On 27.02.2025 21:41, Jim Burns wrote:

On 2/27/2025 2:50 PM, WM wrote:

On 27.02.2025 19:19, Jim Burns wrote:

On 2/27/2025 5:45 AM, WM wrote:

On 26.02.2025 23:17, Jim Burns wrote:

 

This next bit you (WM) might like, for a change.
It looks like the pseudo.induction.rule which
you have been trying to use.

>
It is induction.

>
This is what you (WM) have called induction:
⎛ Each inductive predicate A

>
No, I call induction
a very restricted number of predicates.

I prefer Wikipedia:
∀P (P(1) /\ ∀k(P(k) ==> P(k+1)) ==> ∀n (P(n)).

Correct. But not necessary in its generality for my purpose.

>

</WM>
Date: Thu, 6 Feb 2025 17:55:57 +0100
Message-ID: <vo2pit$31hlr$1@dont-email.me>
 

If A(n) is useless for UA = ℕ,
then A(n+1) us useless too.
No reason to extend this simple concept.

 You extend ∀n:Aᴺ(n) to Aᴺ(ℕ)
but you only claim it, you don't justify it.

I use Zermelo's approach without wich there is no set theory.

 

I do it order to avoid the following waffle:

 How very Orwellian of you.
I justify my claims. Doing so is 'waffle'.
You don't. Abstaining from doing so is
'mathematics' and 'logic' and 'geometry'.
 

What that version of 'induction' seems to say
is false if it's read literally.
It's false that
each inductive predicate is true.without.exception
_in each domain without exception_
Z₀ is a subset of a set Z holding 0 and all the {a}

>

By the same induction
I prove UF = ℕ  ==> Ø = ℕ.

>
What you use to prove that is
∀n:Aᴺ(n) ⇒ A(ℕ)

>
That is how Zermelo guarantees Z₀.

 Zermello's Infinity guarantees a superset Z of Z₀

How is that accomplished?

 From Z, it follows,
by Powerset and by Separation,
that Z₀ exists.
 ∀n:Aᴺ(n) ⇒ Aᴺ(ℕ)
is your fantasy.

It is Zermelo's approach.

 You would find your posts greatly improved
by criticizing (if you can) _our_ reasoning,

You deny Zermelo's approach. His Z is ensured by induction.

There is no difference in some cases like these:
When all n are added by induction to the empty set,
then we have constructed ℕ.

 When we have shown that there is

Gibberish!

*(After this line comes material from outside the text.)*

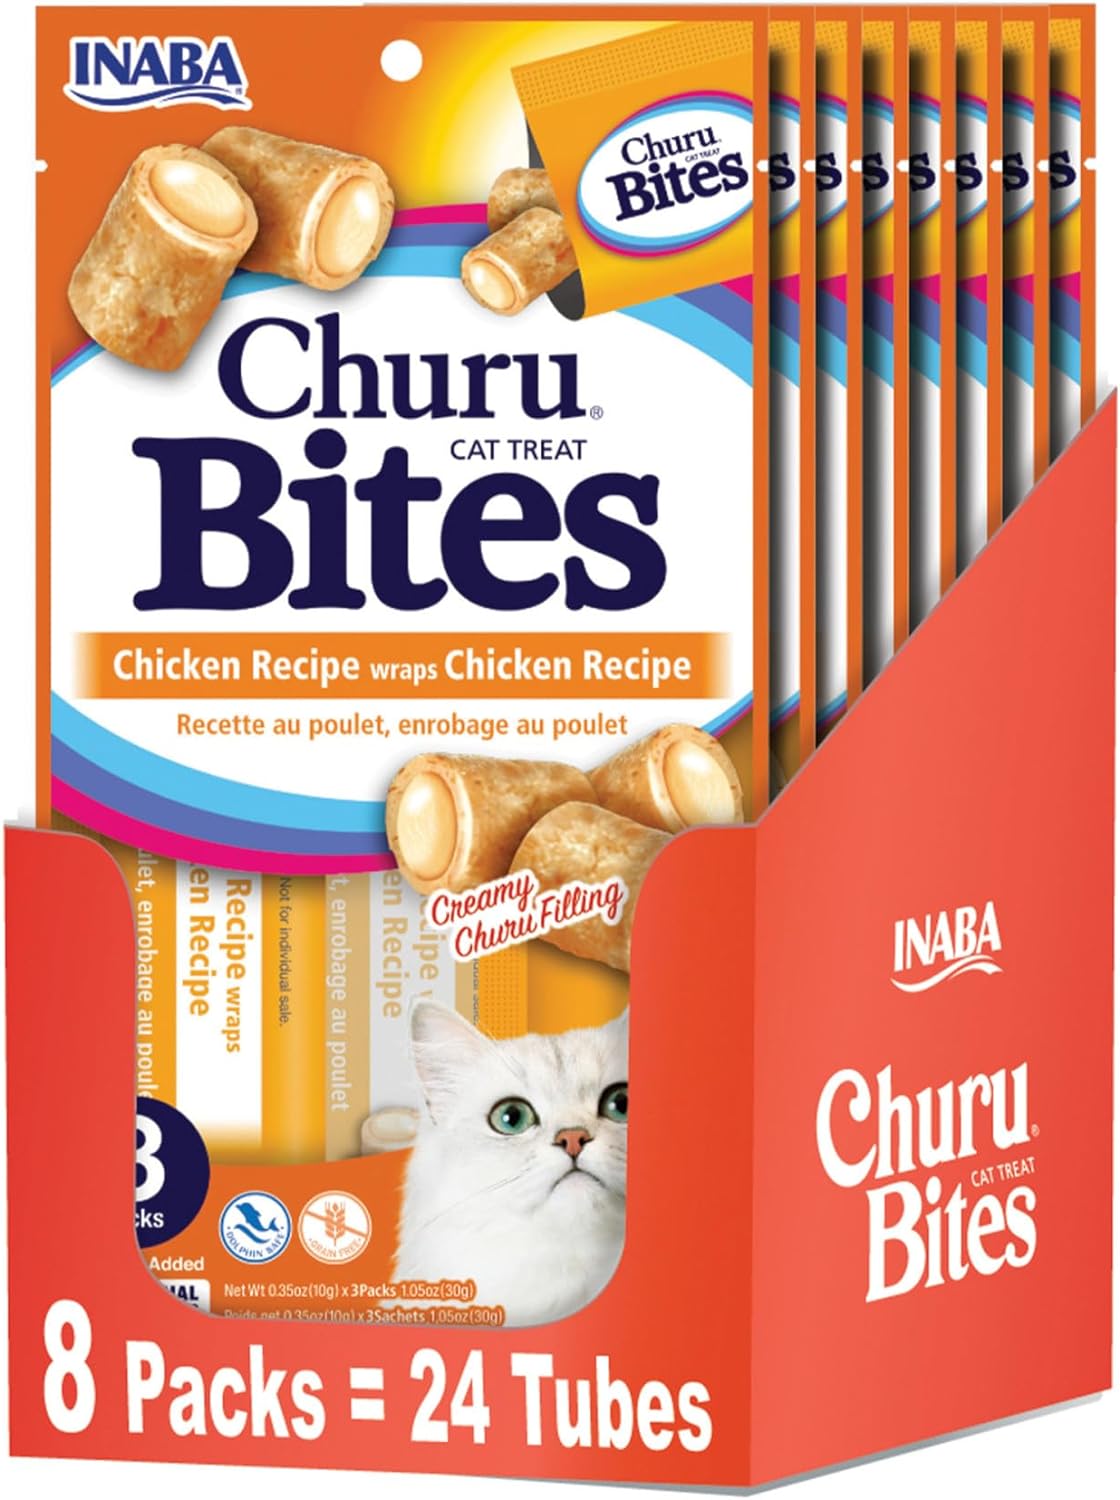 INABA Churu Bites for Cats, Soft Baked Chicken Churu Filled Cat Treats with Vitamin E, 0.35 Ounces Each Tube, 24 Tubes Total (3 per Pack), Chicken Recipe

Simply agree that Z is ensured by induction.

the intersection of all inductive subsets of
an inductive set,
then we have constructed ℕ.

We don't even need the intersection if we reduce Zermelo's approach to Lorenzen's approach: I is a natural number, and if x is a natural numbers then x+1 is a natural number.

 In this context,
a 'construction' is a proof of existence.

Induction is a proof of Z.

 

When all n are subtracted by induction from ℕ
then we have created the empty set.
Do you agree?

 I am trying to reach some expressions
with which I can answer you and be understood.
I'm not there yet.

Simply say yes.
Regards, §WM